Two 12-year-old students were also wounded in the violence at Sparks Middle School in Sparks, Nev., that erupted just after 7 a.m. One was shot in the shoulder, the other in the abdomen and has undergone surgery, Washoe County School District Chief of Police Mike Mieras said during a news conference. Both wounded boys were listed in stable condition at Renown Regional Hospital.
Family members identified the staff member who was killed as eighth grade mathematics teacher and sports coach Michael Landsberry, a 45-year-old Marine military veteran and member of the Nevada Air National Guard who had done two tours of duty in Afghanistan.
Landsberry had worked in the Washoe County School District since August 2001, according to his Facebook page. He had just celebrated his wedding anniversary on Oct. 18 and leaves behind a wife and two stepdaughters.
The name of the shooter, believed to be a seventh-grader who died at the scene, was not released. The youth died of a self-inflicted gunshot wound after turning the semiautomatic handgun on himself, authorities said.
While authorities aren’t positive where the gun came from, they believe it belonged to his parents. A federal law enforcement source said the boy took his parents’ handgun to school.
Police said there is no apparent motive yet for the shooting and they believe the youth acted alone. They said it was too early to tell whether the gunman was targeting anyone or simply on a spree.

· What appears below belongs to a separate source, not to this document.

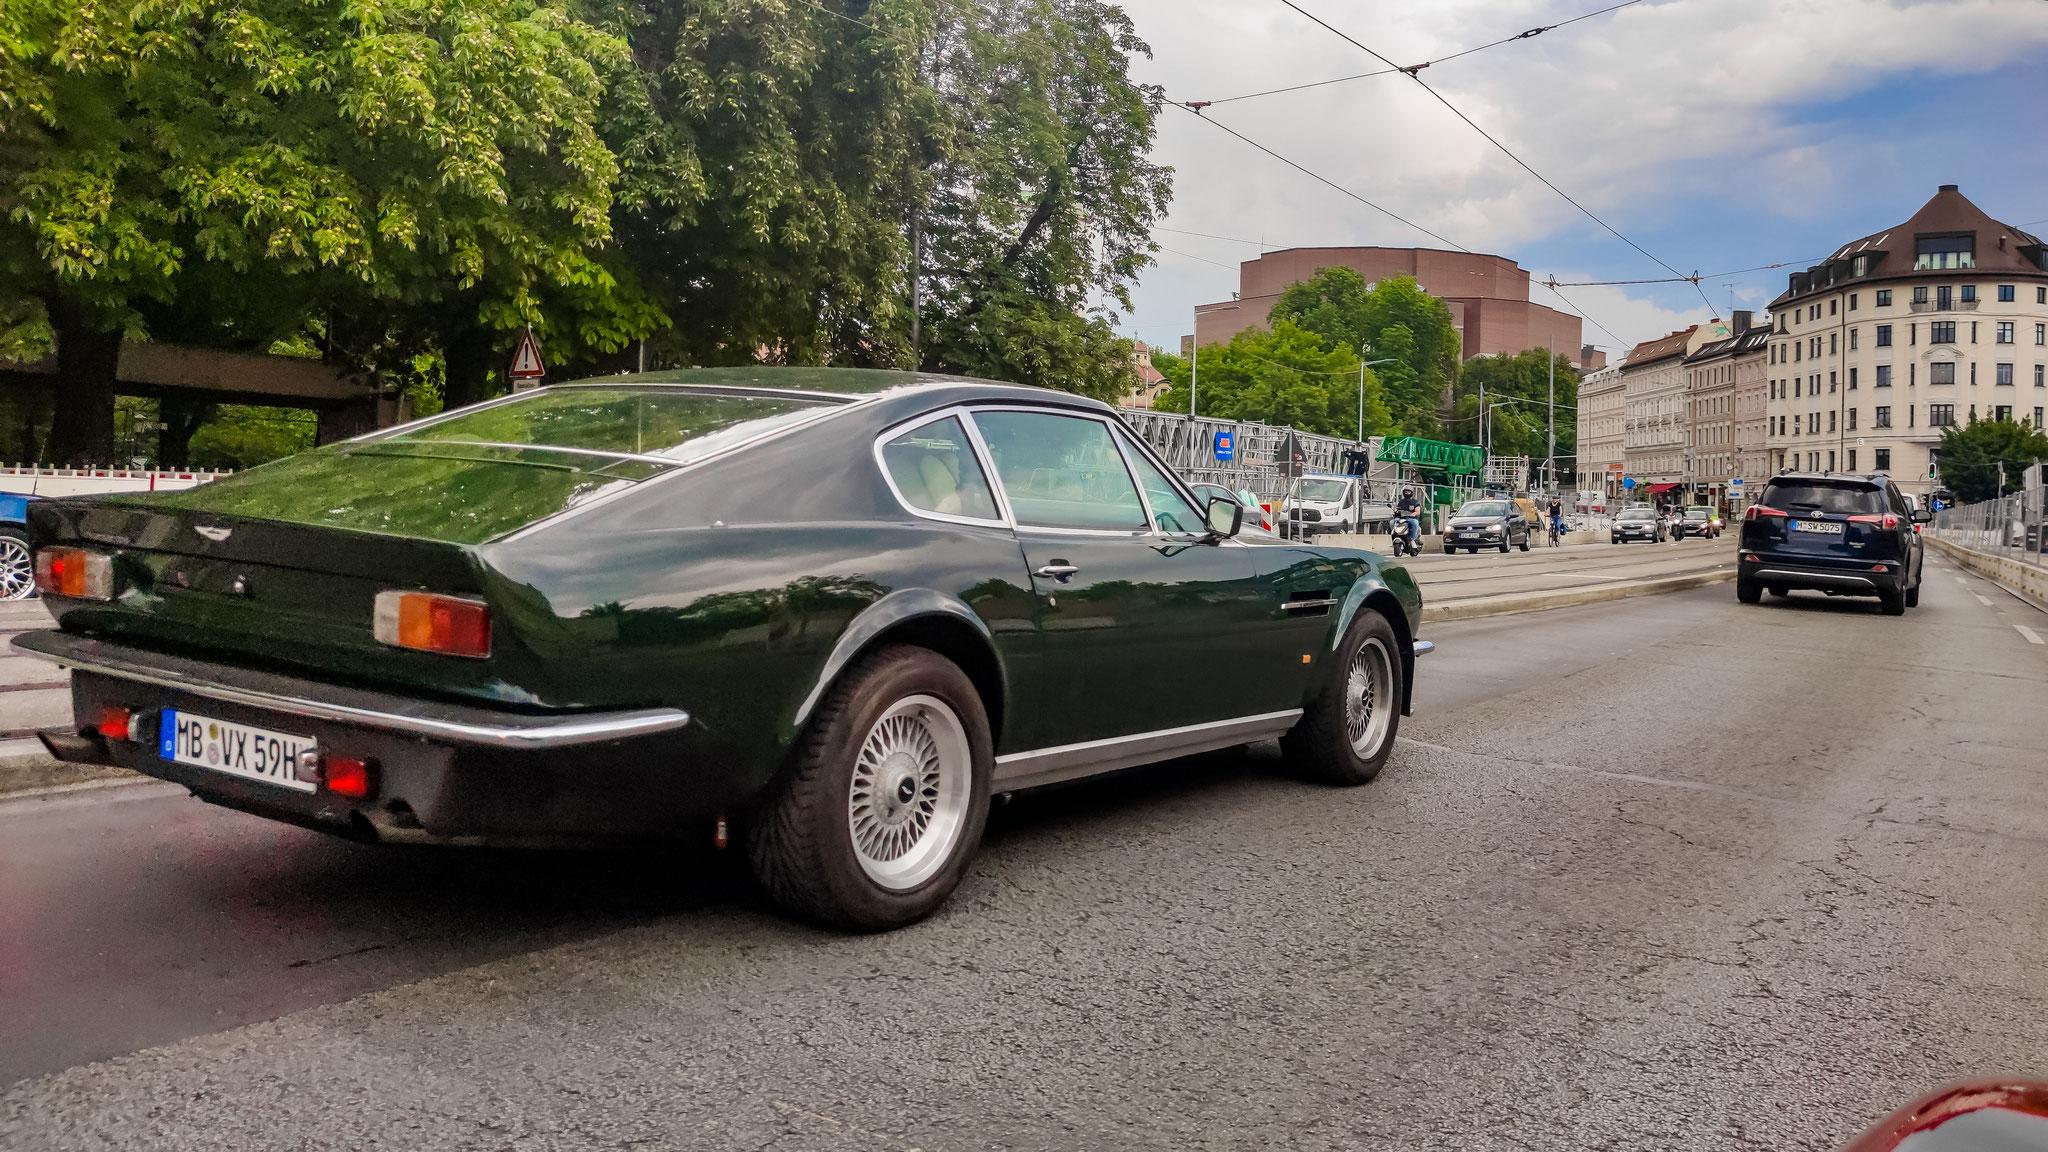 Aston Martin V8 Vantage - MB-VX-59H

A Sparks police dispatcher said reports of the shooting– which happened on the school’s campus, but outside the school building itself– started coming in at 7:16 a.m. as parents were dropping off their kids.

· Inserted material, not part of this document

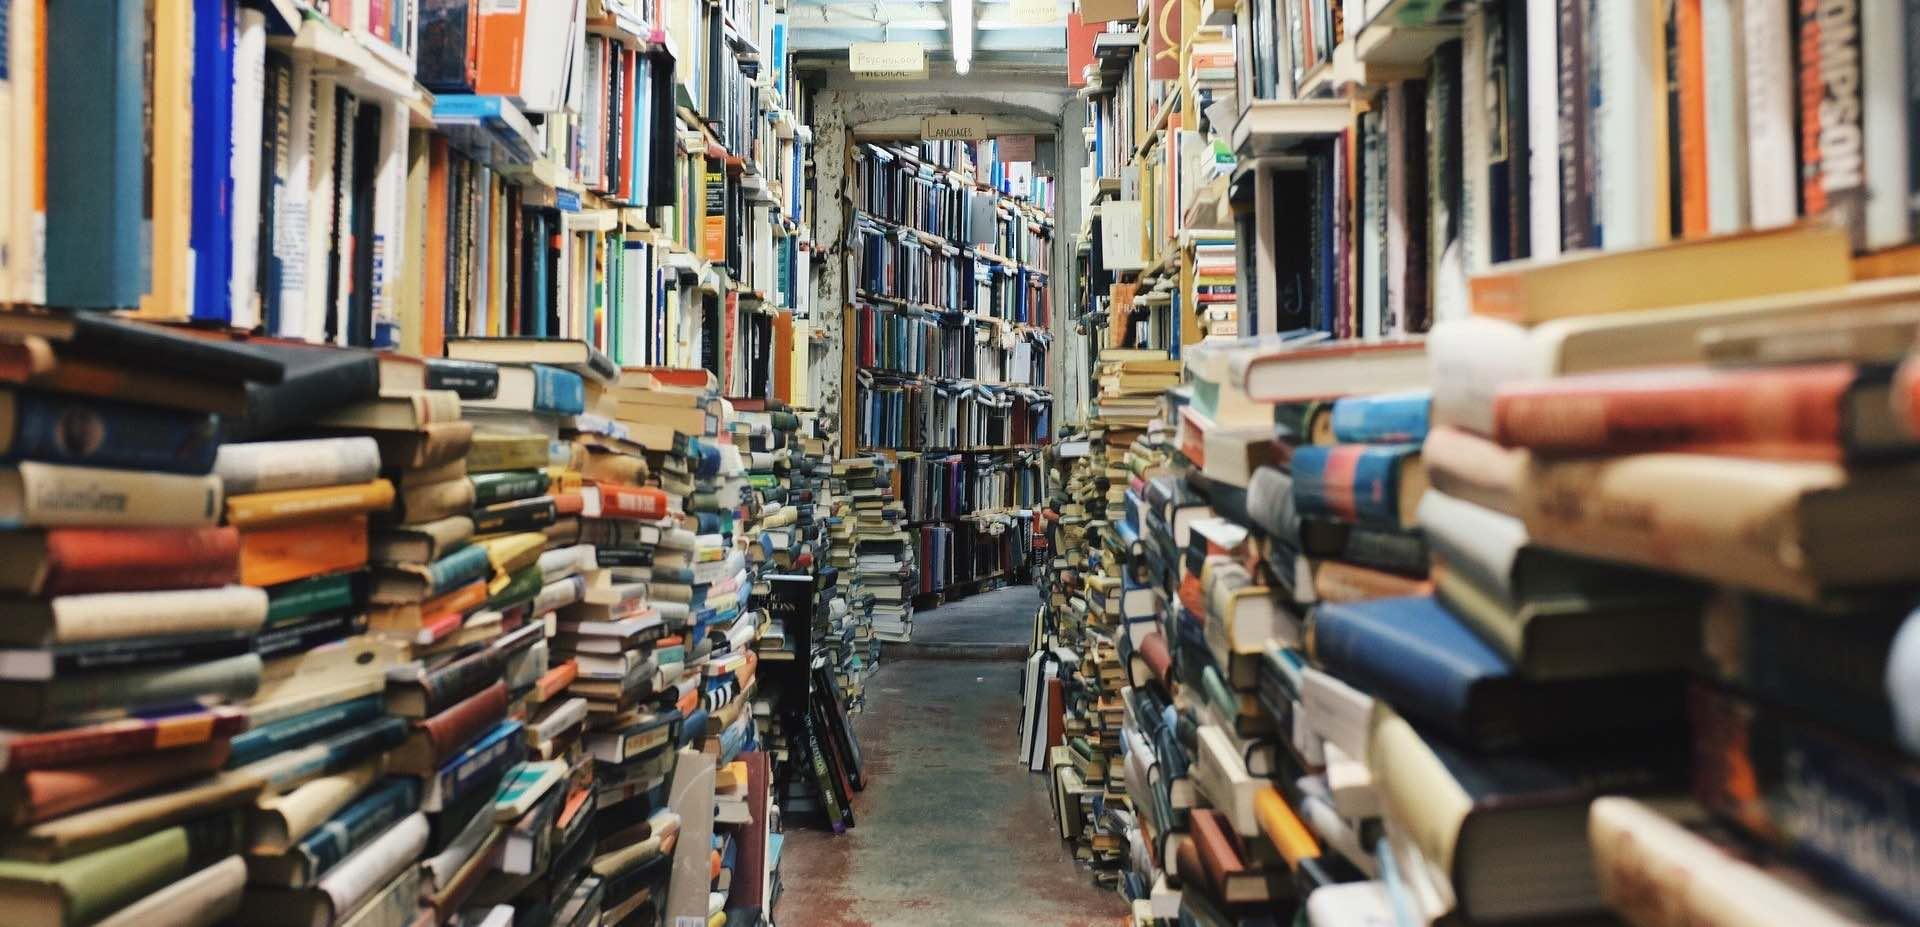 Catasta di libri in biblioteca: infermiera, psicoterapeuta e informatico

“Law enforcement officers were on the scene in less than three minutes from the first calls,” Mieras said.
Police said between 150 and 200 officers responded to the shooting. But by then, it was over.

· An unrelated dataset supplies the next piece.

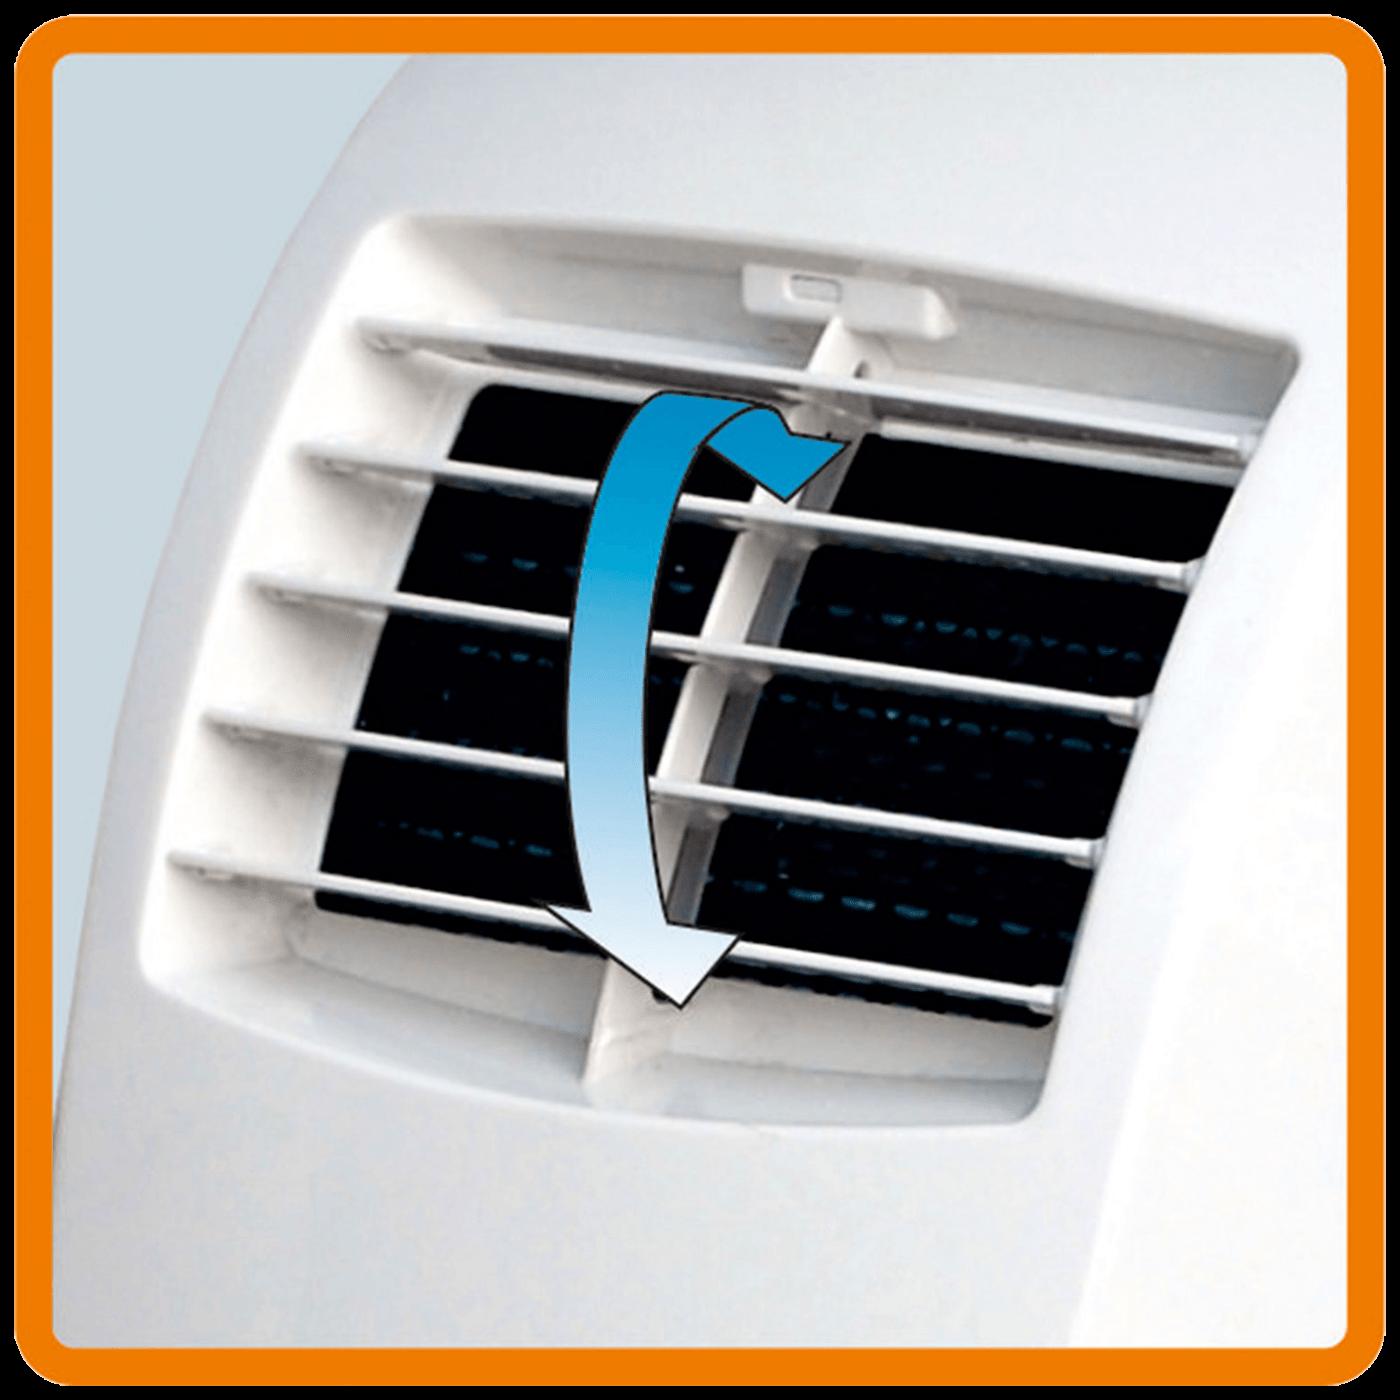 Klima uređaj, mobilni, 2.64 kW, 9000 Btu

Jose Cazares, a student at Sparks Middle School, said he saw the armed student shoot two classmates before the shooter turned, and aimed the gun at Jose’s chest. Mr. Landsberry then stepped between Jose and the shooter, Jose told NBC’s “Today” show on Tuesday.
“He was telling him to stop and put the gun down. Then the kid, he yelled out ‘No!’ Like, he was yelling at him, and he shot him,” Jose said. ”He was calm, he was holding out his hand like, ‘Put the gun in my hand.’ ” And then the shooter pulled the trigger.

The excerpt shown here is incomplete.